From: Leonard Rosenthol <lrosenth@adobe.com>
Date: Thu, 6 Aug 2015 18:01:54 +0000
To: Bill McCoy <whmccoy@gmail.com>
CC: Johannes Wilm <johanneswilm@vivliostyle.com>, Kaveh Bazargan <kaveh@rivervalleytechnologies.com>, Dave Cramer <dauwhe@gmail.com>, "Richard Ishida" <ishida@w3.org>, W3C Digital Publishing Discussion list <public-digipub@w3.org>
Message-ID: <1081B840-6A74-4FA9-8224-5D206E2009C7@adobe.com>
Always nice when we agree, Bill.   So I’ll start with more places that I agree with you…

I do agree that many of the things that have been referred to as “interactive PDF” have found other outlets – such as multimedia and scripting.  And I agree that having such things be converted to PDF isn’t worth the effort at this time.

However, there are many other aspects concerning PDF production for non-printing contexts that you are overlooking and that are necessary (and even mandated by laws).  For example, standards such as PDF/A (‘a’ conformance level) and PDF/UA require that a PDF be tagged/structured – a feature that (by designs) maps well to HTML’s semantic elements.  But only a few of the tools out there will produce this structure in the output PDF – and even those that do don’t always do it in the same way.  And as long as governments and enterprises require/mandate PDF, and in one of those standards, it remains something that this group (and the industry as a whole) will need to support…(even if you only think it’s good for “replicating paper” :).

Leonard

From: Bill McCoy
Date: Thursday, August 6, 2015 at 12:35 PM
To: Leonard Rosenthol
Cc: Johannes Wilm, Kaveh Bazargan, Dave Cramer, Richard Ishida, W3C Digital Publishing Discussion list
Subject: Re: Prioritisation

I agree with Leonard about the deficiencies in today's browser printing pipelines but wanted to add a couple things:

- EPUB print-on-demand solutions are starting to appear, I saw one being offered for the Japanese market last month at Tokyo International Book Fair.
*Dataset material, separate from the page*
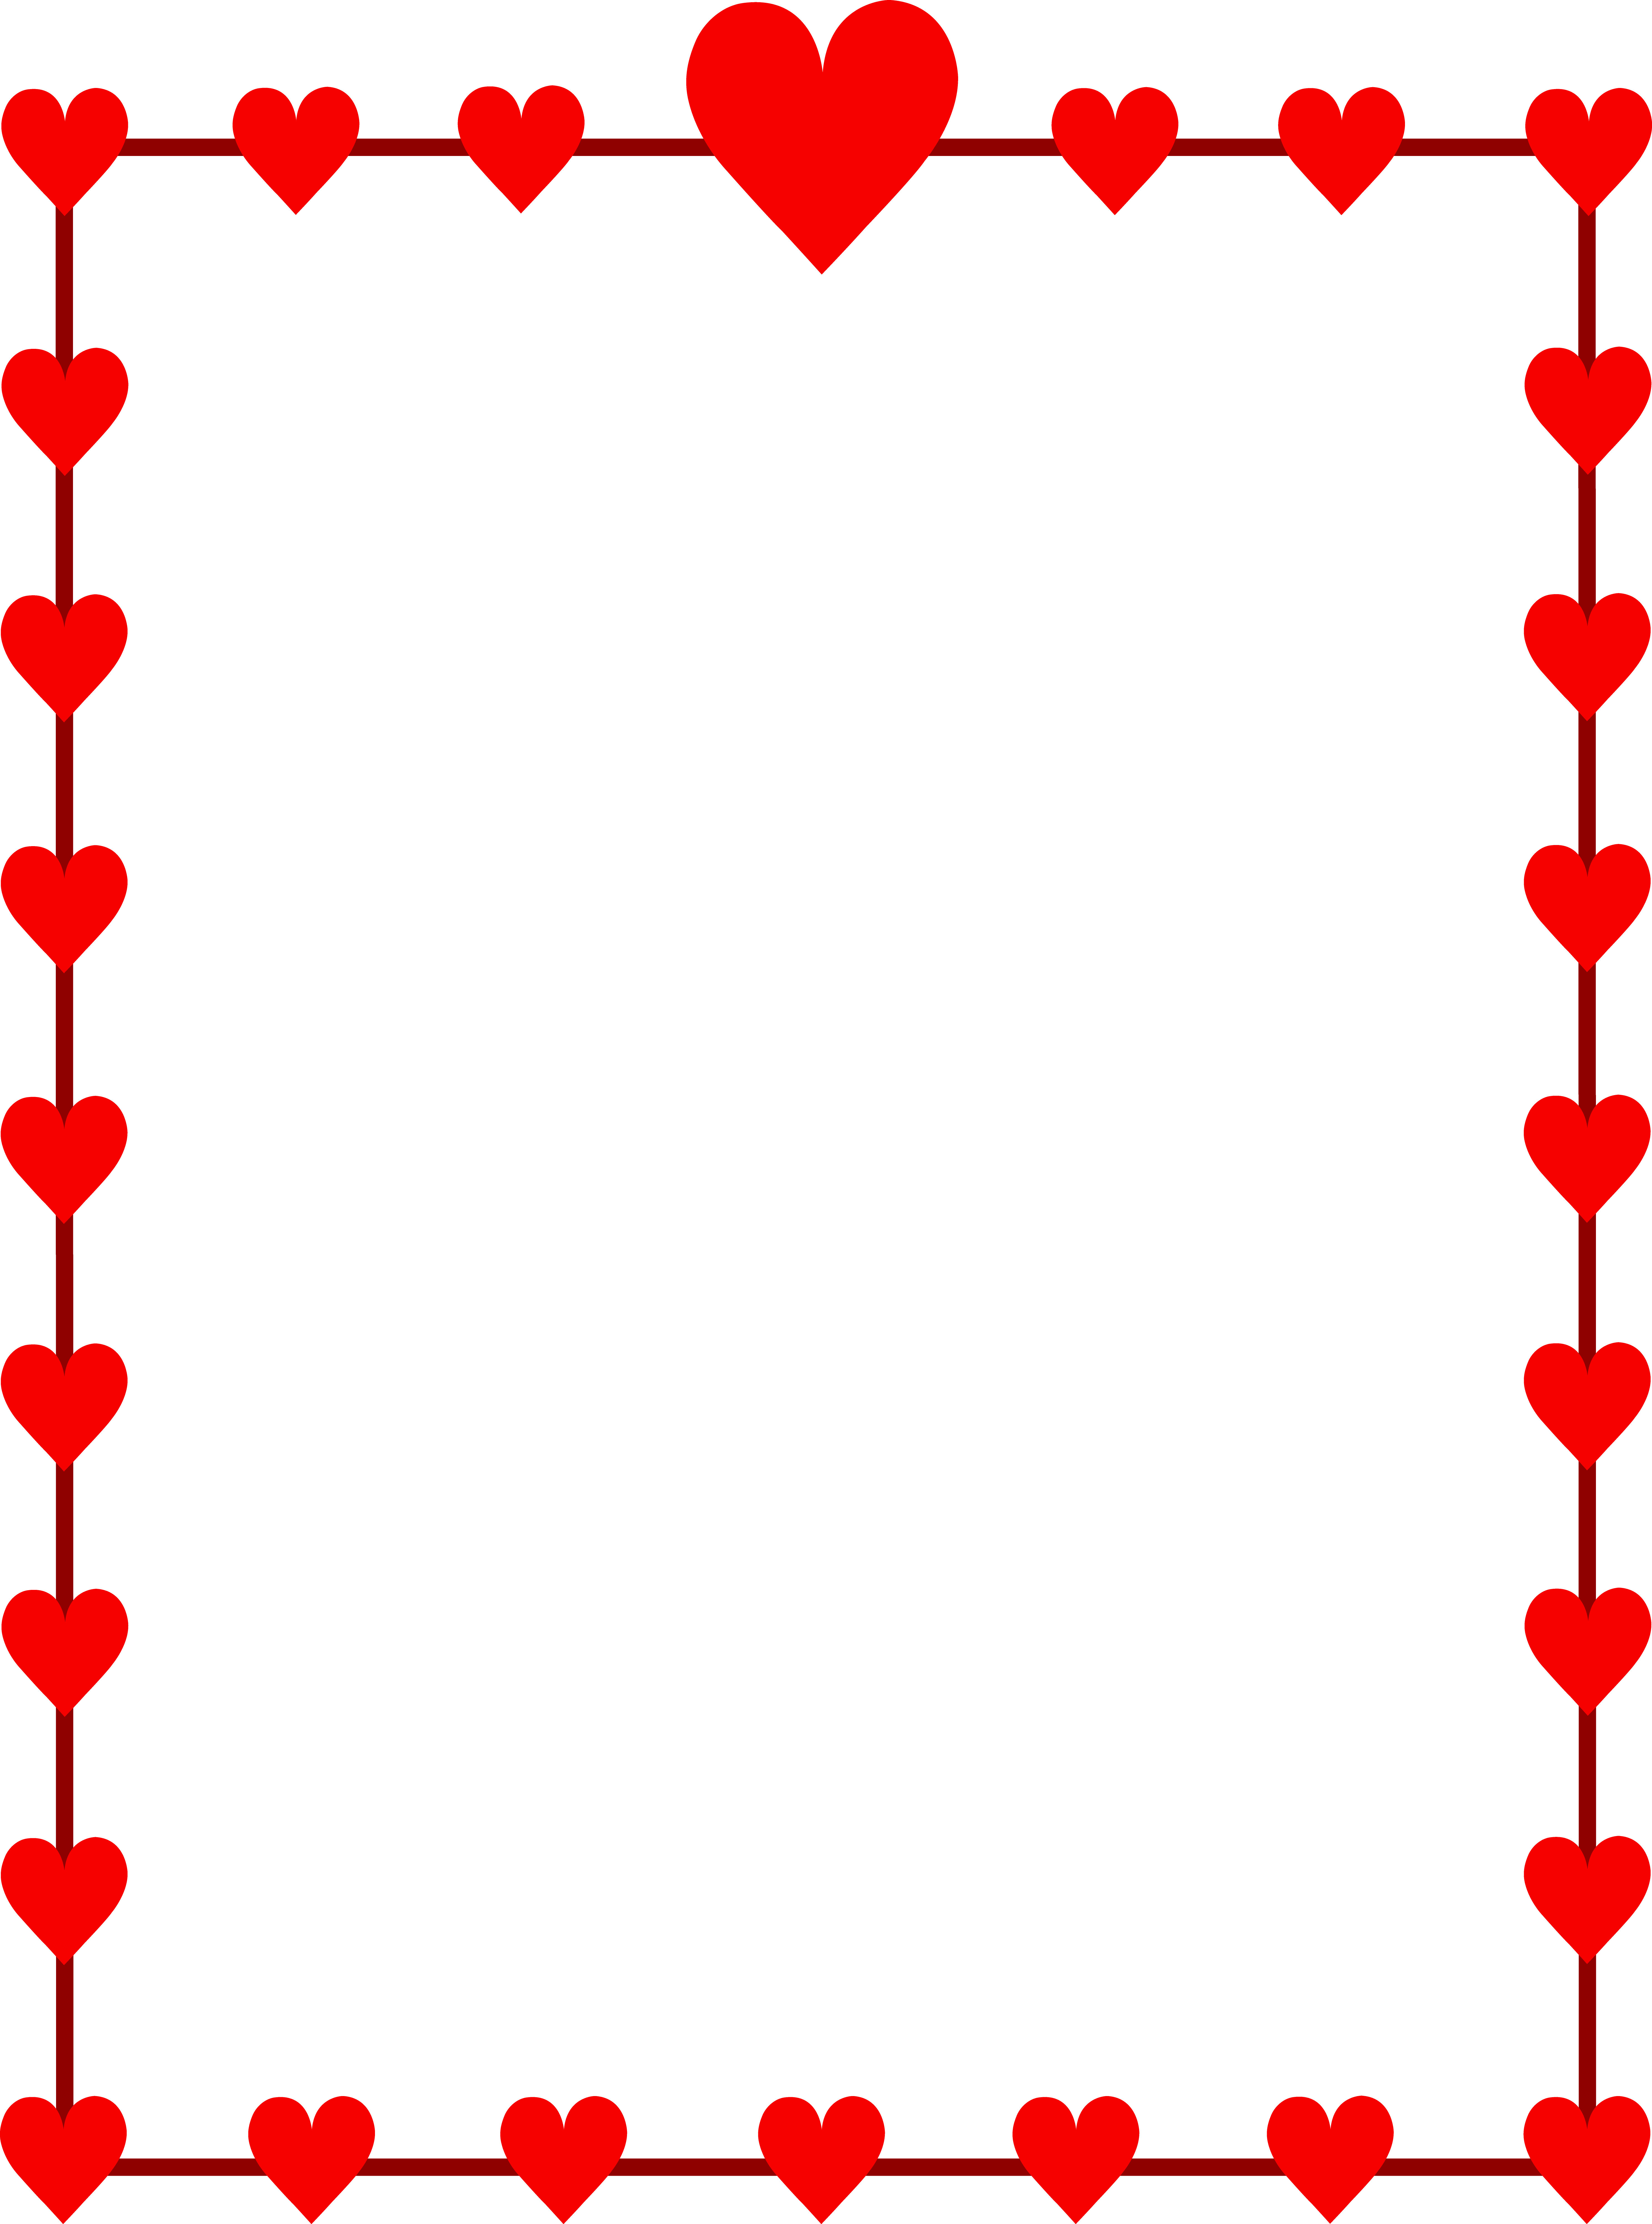 Free Heart Border For Word Download Free Heart Border For Word Png 
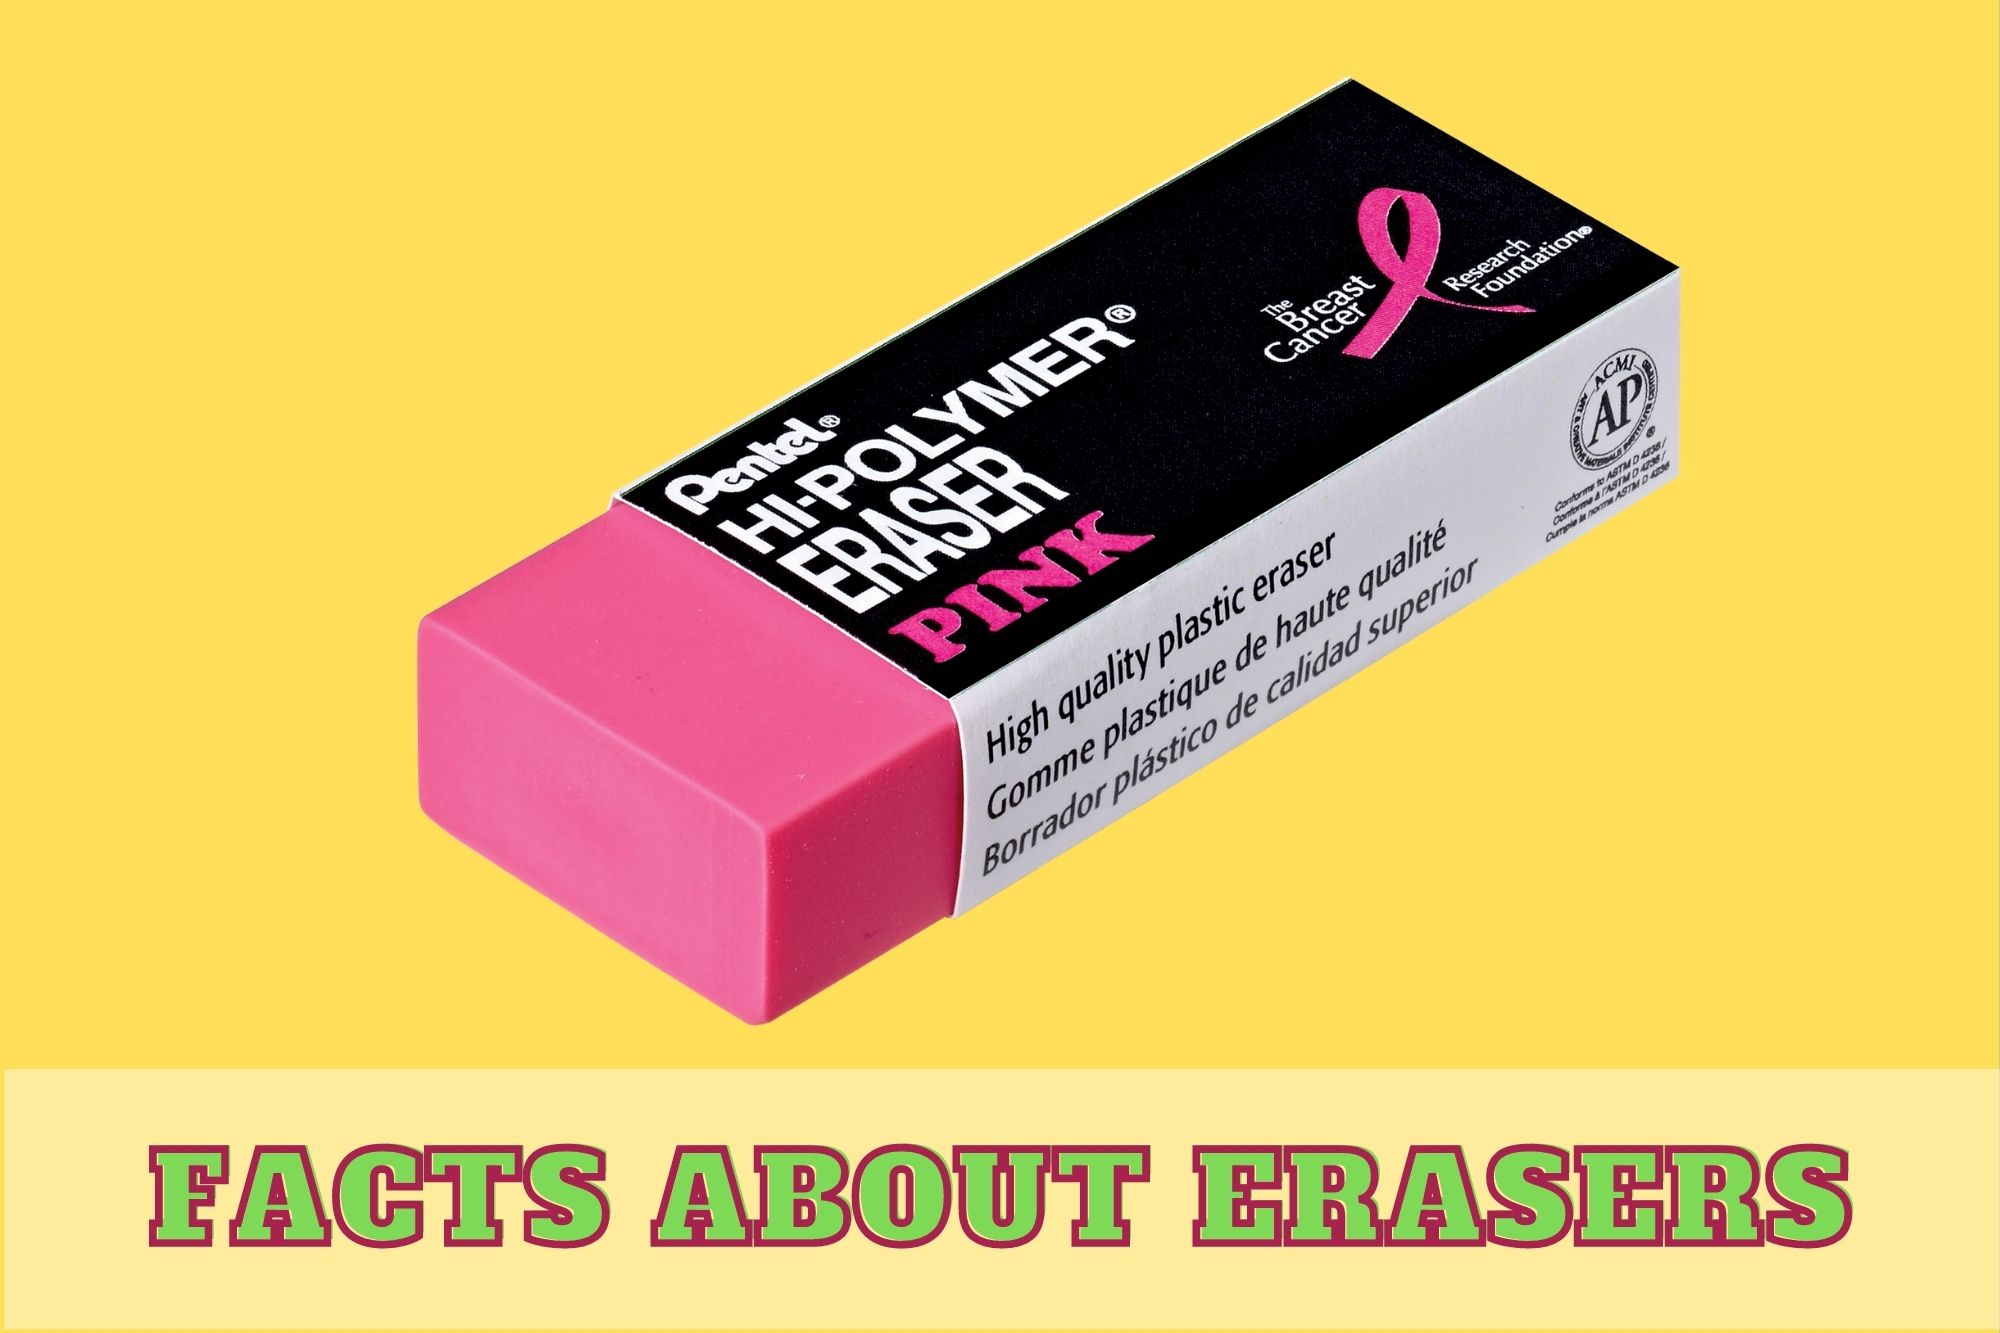 Can Erasers Be Recycled?

There has been interest expressed in an initiative on this by folks from major print/POD players (HP, Toppan, Dai Nippon Printing, Ingram) as well as the accessibility community. No active project is yet under way in IDPF/Readium but I anticipate there may be something soon and would love to have this coordinated with this group's activities. Today's prevalent solutions in the CSS formatting space (AntennaHouse and Prince) are proprietary so having something open source, built on a browser engine, and helping to advance the relevant open standards (esp. CSS) would seem helpful. I don't think this necessarily needs to wait for other parts of the EPUB-WEB vision to be realized so it could be a good candidate for near-term efforts that would yield rapid useful results.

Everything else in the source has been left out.